Kyoto being so old, the streets wind here and there, they ebb and flow much like a little stream — there’s no easy way to really give visitors directions. So, once we were nicely ensconced in our ryokan, our hosts outfitted us with some helpful maps, and we set out to discover Kyoto.
We then walked along Pontocho Alley, which runs parallel to the Kamo River in the Gion district. By now it had gotten dark, and we were hungry. There were many fantastical restaurants along here, so we pretty much just randomly walked into one. It turned out to be SO FABULOUS. It may have been one of our first truly gourmet meals. I say this because in addition to being atmospheric, gorgeous, and utterly delicious, it was also rather expensive. We were so very, very happy.
As we left Pontocho Alley, we paused on the bridge to take a picture of the Kamo River and the restaurant at which we’d just dined.
It was at this point that I’m pretty sure the wind took the sole map we had along. I was the map-keeper, and after this picture was taken, I simply could not find the map anywhere on my person. It was absolutely gone.
We assessed the situation: we were new to Kyoto, could not speak nor read the language, our ryokan was apparently difficult to find even in the daylight, it was late at night, and our map was missing. And yet… we were content, tipsy, and in the midst of the heart-stoppingly exquisite city that is Kyoto. So, we just walked and walked and walked.

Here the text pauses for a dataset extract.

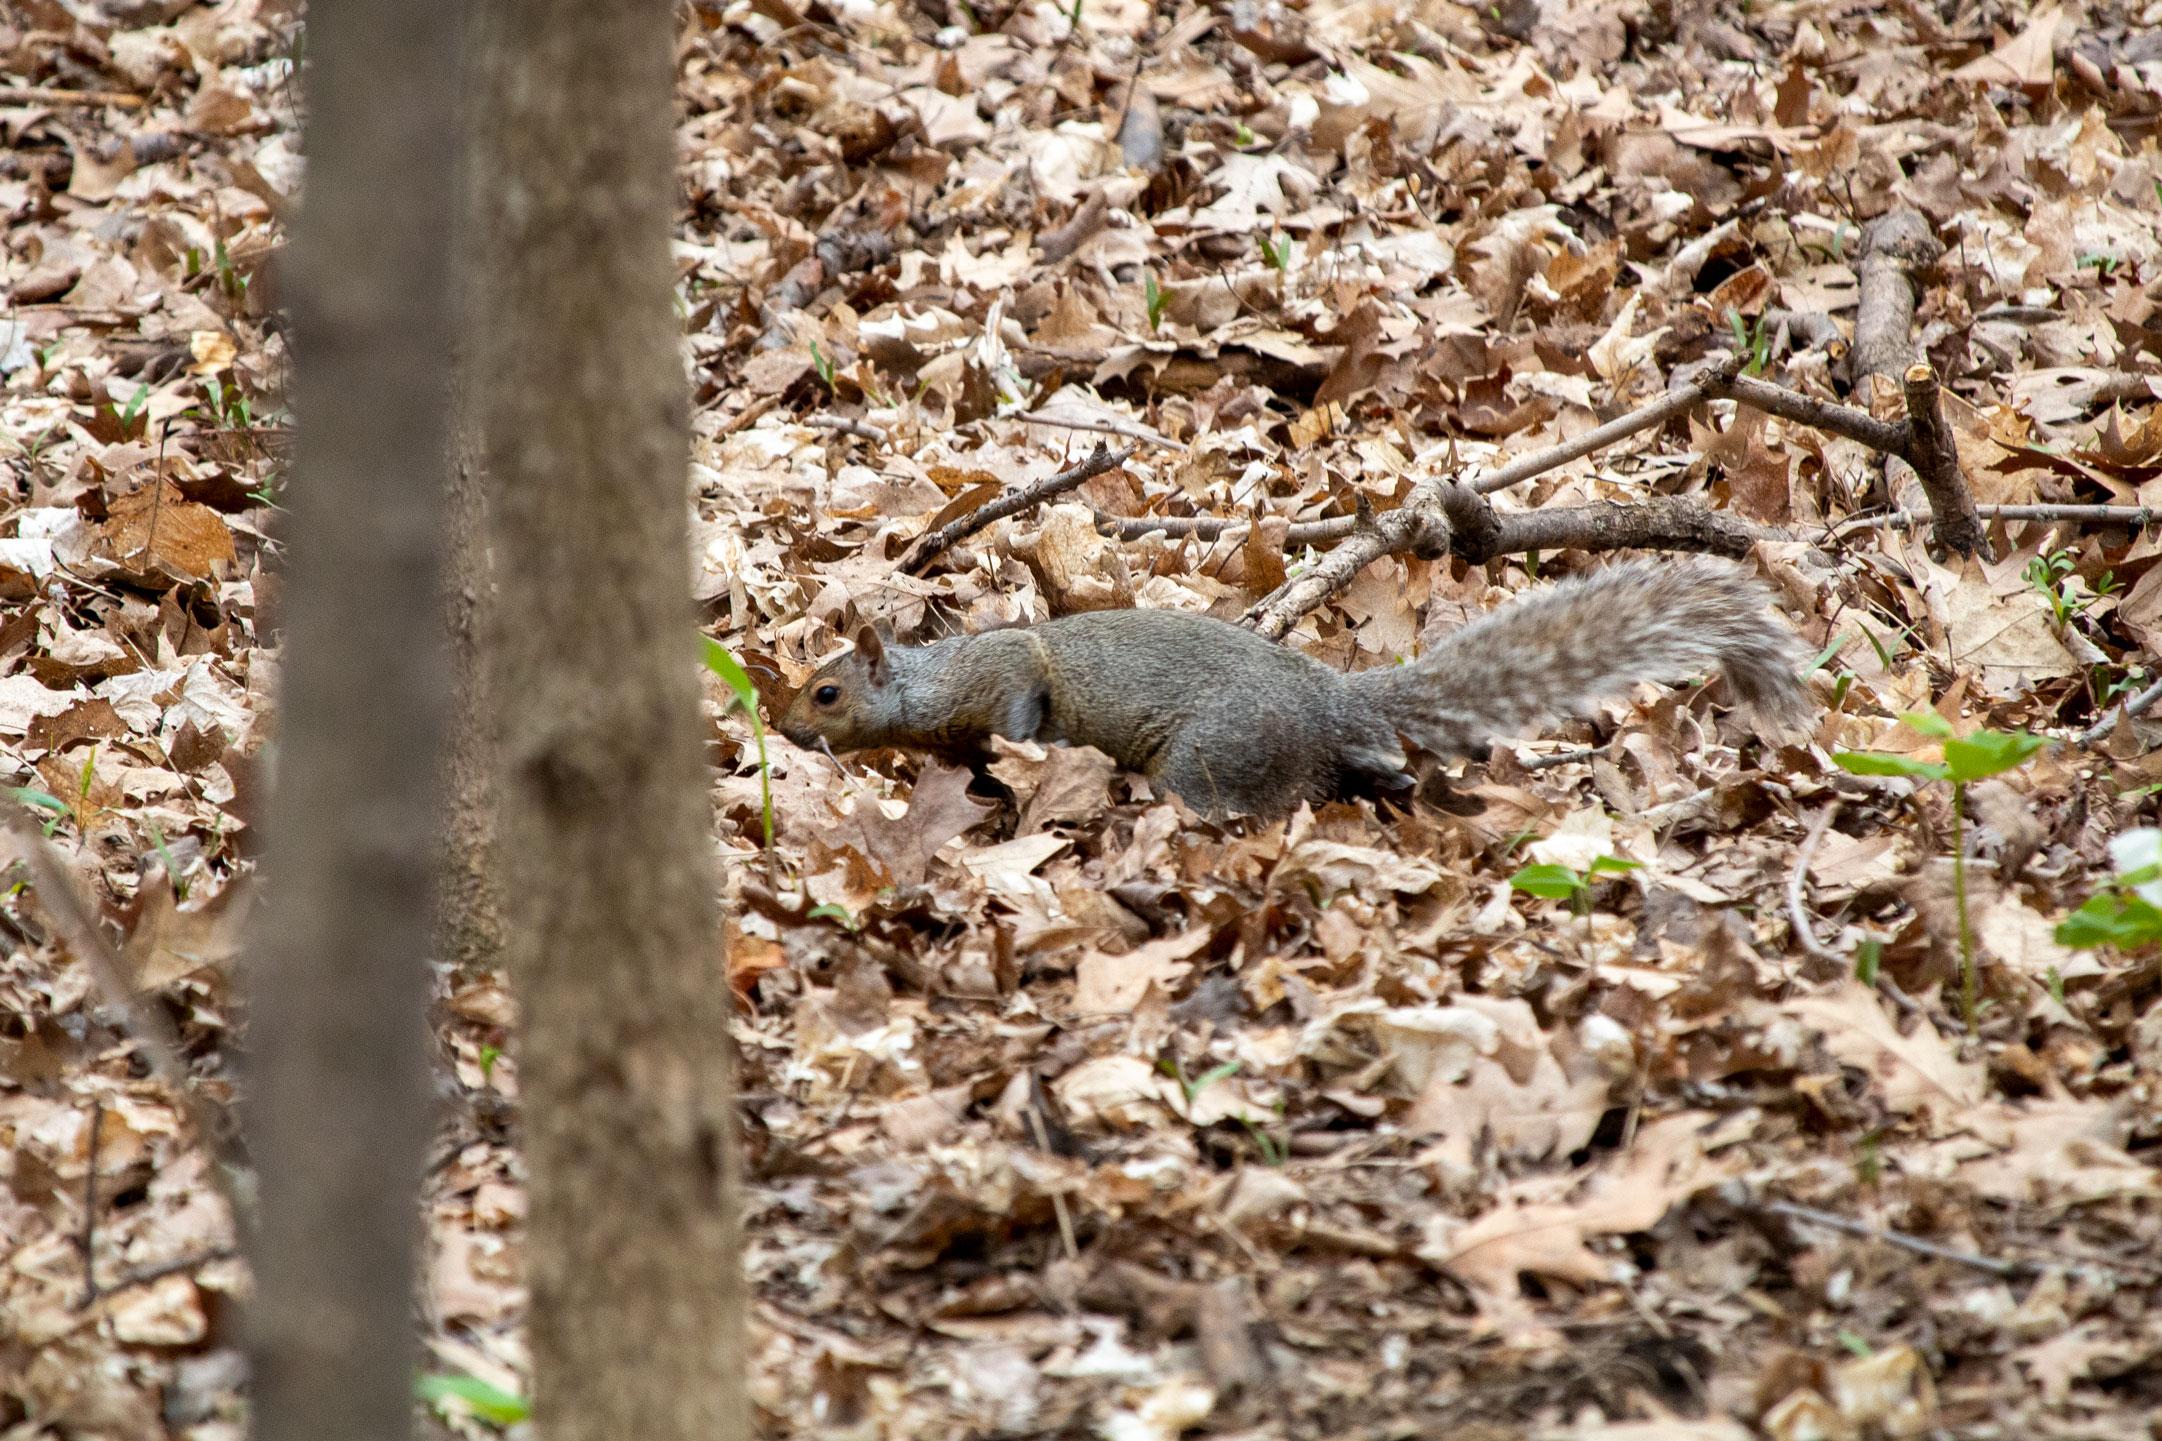 Squirrel sneaking across the forest floor

We must have walked for hours. There were definitely moments that I figured we’d just be walking around Kyoto for the rest of our lives… and strangely enough, that thought didn’t freak me out at all.
Even though I was the loser-of-the-map, Andrew still trusted my unpredictable sense of direction, and I did try to guide us along streets that I felt might possibly take us back to our hidden ryokan which we’d only seen once in our lives (though we did have a picture of it on our camera…).
Andrew says I’m remembering wrong, but I swear I could hear the night-sounds of the animals at the zoo. While we didn’t go to Kyoto for the zoo, we were indeed staying relatively nearby, so I just followed the sounds of the animals, echoing in the darkened streets. For me, this added a haunting quality to the whole experience.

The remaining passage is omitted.